Please restate each line of the data below exactly. Omit all images.

Dataset extract —
* * * * *
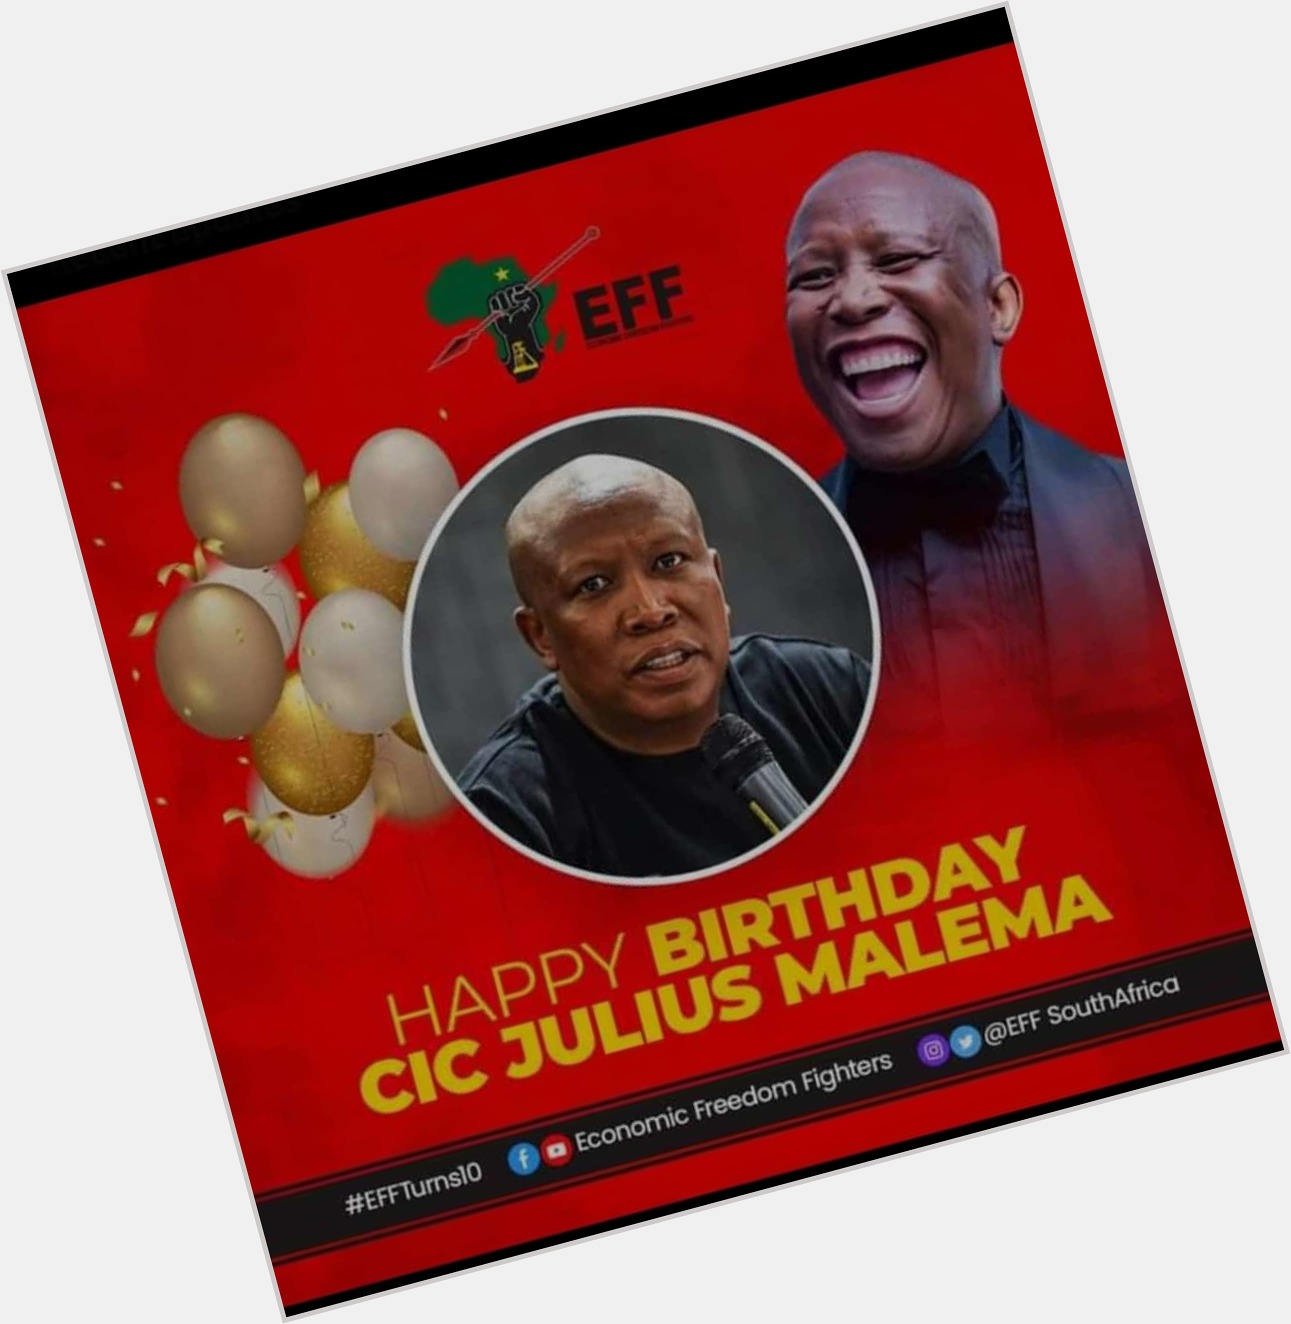 Our biggest problem is that our intelligence is not intelligent!- J. Malema!

Happy Birthday Julius Malema! Amandla! 
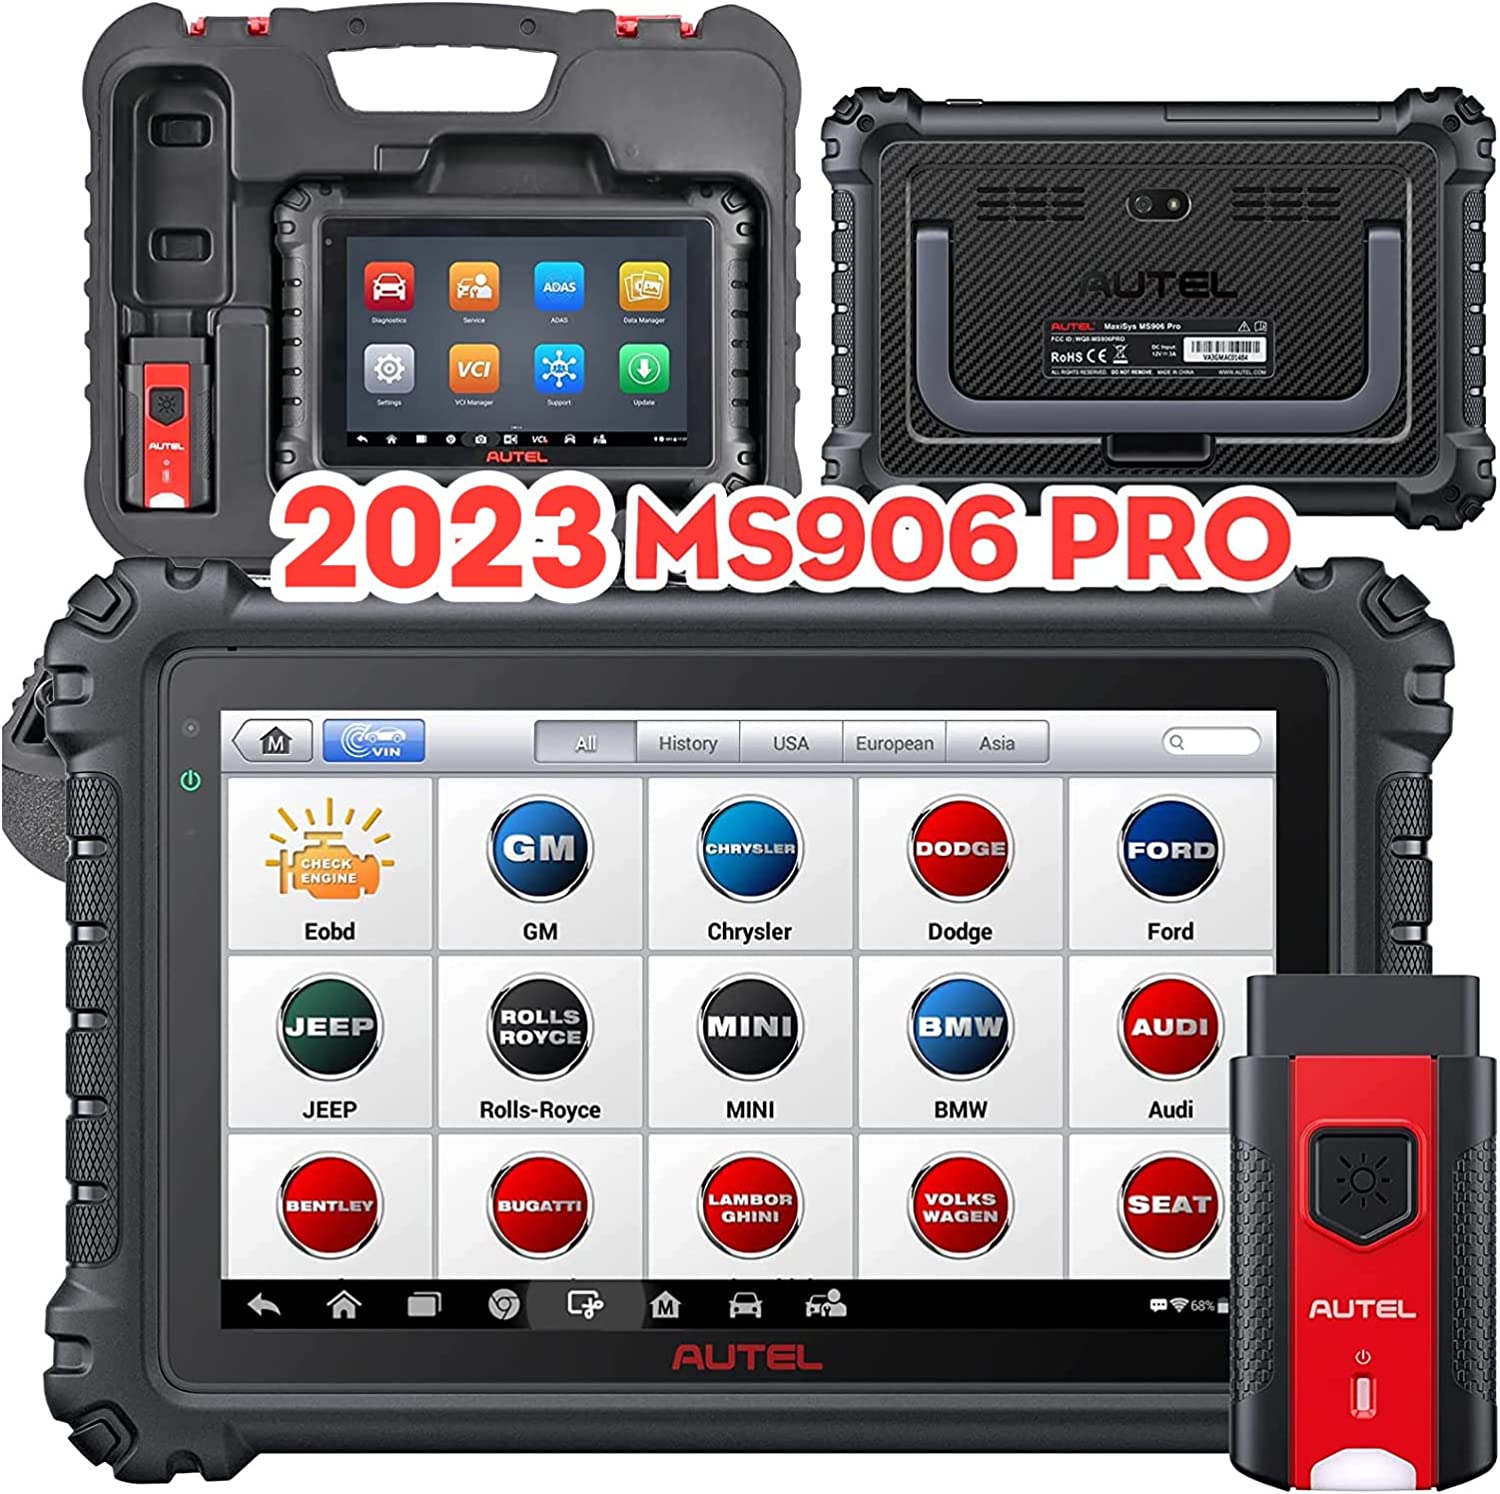 Autel Scanner MaxiSYS MS906 Pro Car Diagnostic Scan Tool Bi-Directional,  All-System Diagnosis ECU Coding, 36+ Service, Upgrade of MS906BT/MK906BT/ MS906TS/MS908
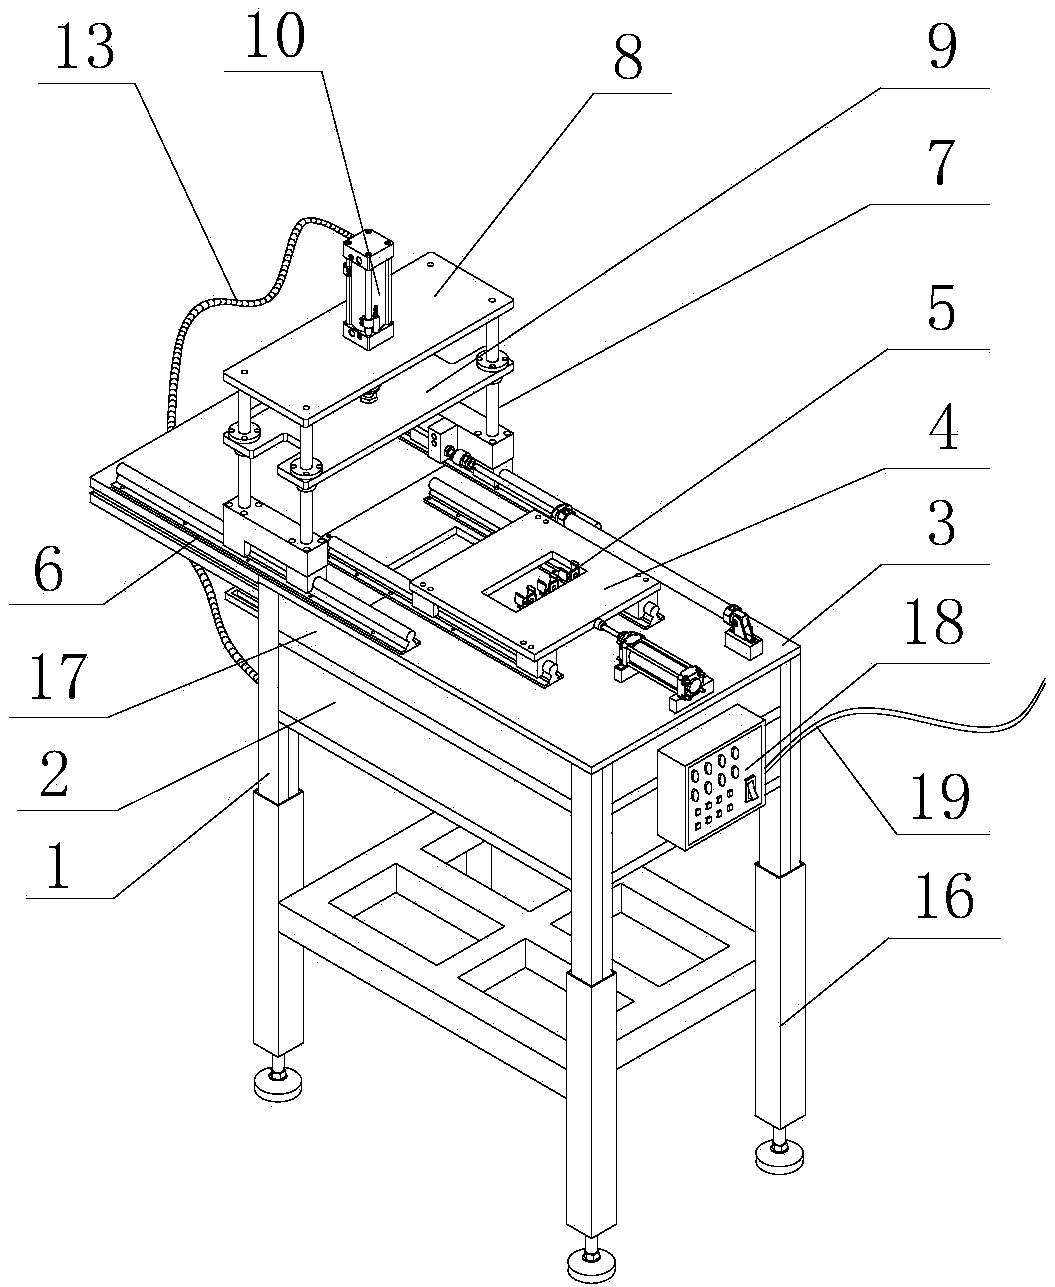 Ginseng slicing device with high safety
* * * * *
Answer box —
 Our biggest problem is that our intelligence is not intelligent!- J. Malema!

Happy Birthday Julius Malema! Amandla! 
 Autel Scanner MaxiSYS MS906 Pro Car Diagnostic Scan Tool Bi-Directional,  All-System Diagnosis ECU Coding, 36+ Service, Upgrade of MS906BT/MK906BT/ MS906TS/MS908
 Ginseng slicing device with high safety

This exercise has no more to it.